Ulsan Art Museum located in Jung-gu, Ulsan (Ulsan Art Museum)
Ulsan Art Museum located in Jung-gu, Ulsan (Ulsan Art Museum)
ULSAN -- Located in southeastern South Korea, Ulsan is synonymous with the country‘s industrialization. The city is home to the world’s largest automobile plant and driving through the port of Ulsan, Hyundai cars preparing to be exported on ships are hard to miss.

Some 307 kilometers from Seoul, the city has opened its first art museum in the eastern part of the city -- a museum that specializes in media art.

Five inaugural exhibitions are currently running, including the main exhibition titled “Post Nature: Dear Nature,” which sheds light on how human and non-humans can live in solidarity.

“After the transition from an agrarian society to an industrial society, Ulsan’s ecosystem was extensively exploited for economic development. The exhibition reminds us of the ecosystem that accompanies a complicated sense of history and cultural policy,” Suh Jin-suk, Ulsan Art Museum director, said at a press conference on Wednesday. 

“Reverie Reset” by Yan Lei (Park Yuna/The Korea Herald)
“Reverie Reset” by Yan Lei (Park Yuna/The Korea Herald)
The large-scale installation “Reverie Reset” by Chinese media artist Yan Lei at the entrance of the exhibition is composed of 80 digital displays revolving around in a circle. The structure is the artist’s attempt at showing the composition and intersection of images through a computer system and network technology.

“This is the Future,” an installation piece by the Berlin-based media artist Hito Steyerl, is part of the main exhibition. The work with nine projection screens was shown at the 2019 Venice Biennale and is now part of the museum‘s collection.

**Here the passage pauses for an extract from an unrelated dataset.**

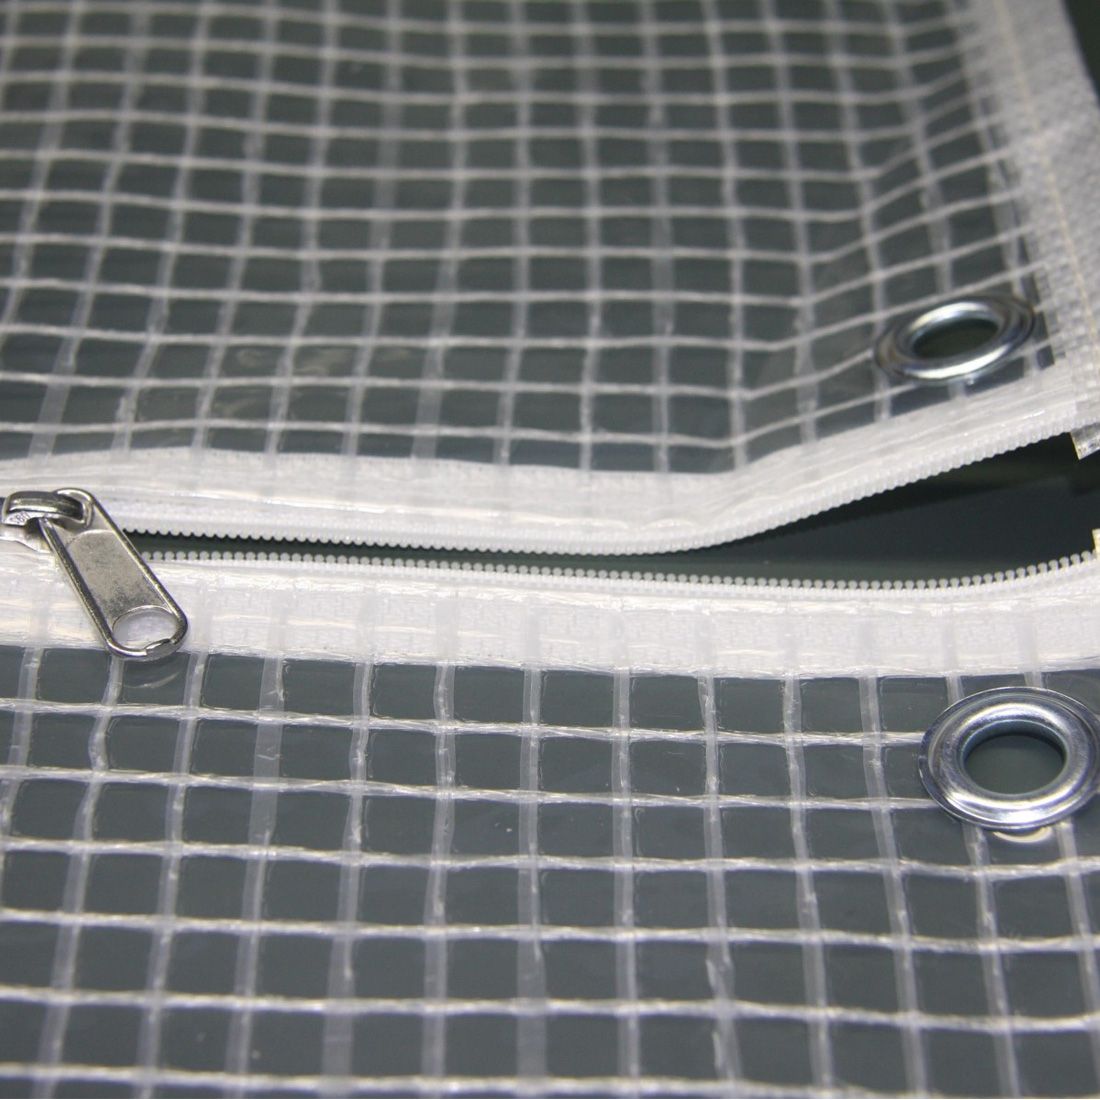 Heinemeyer Schutzhülle 120cm für runde Tische, Poly-Gitter-Folie transparent

The digital plants on the nine screens have Latin names meaning “social media addiction therapy,” “healing of the syndrome of being silent about hate speech,” and “dictator poisoning” and grow on construction scaffolding. 

“Turtle” by Paik Nam-june (Ulsan Art Museum)
“Turtle” by Paik Nam-june (Ulsan Art Museum)
Media art pioneer Paik Nam-june’s “Forest of Cage, Revelation of the Forest” is also shown at the museum with 23 TV sets installed on the ground floor showing images and fragmented scenes of the avant-garde musician John Cage’s art performances.

The museum’s permanent collection also includes Paik‘s “Turtle” and ”Sistine Chapel,“ which were acquired in August 2021 from different owners. A total of 29 media art works are currently in the museum’s permanent collection. 

“Chroma” by Kim Yun-chul (Park Yuna/The Korea Herald)
“Chroma” by Kim Yun-chul (Park Yuna/The Korea Herald)
As the country’s first media art museum, Suh aims to develop the museum‘s identity by holding exhibitions that explore how technology and nature can coexist, discovering and inviting artists who speak about nature and ecology.

“Touching on the issue of nature and technology together has been prevalent globally with many seminars and exhibitions. We will strengthen the identity of the museum by reflecting the city’s locality and bringing global trends at the same time,” Suh said.

Another exhibition running at the museum is “Black and Light: Aldo Tambellini” on display at XR Lab, an exhibition space dedicated to immersive media art experiences created with the latest digital technologies such as virtual reality, augmented reality and mixed reality. The exhibition features media art works by Tambellini, an Italian-American media artist who was a pioneer in media expansion in the 1960s.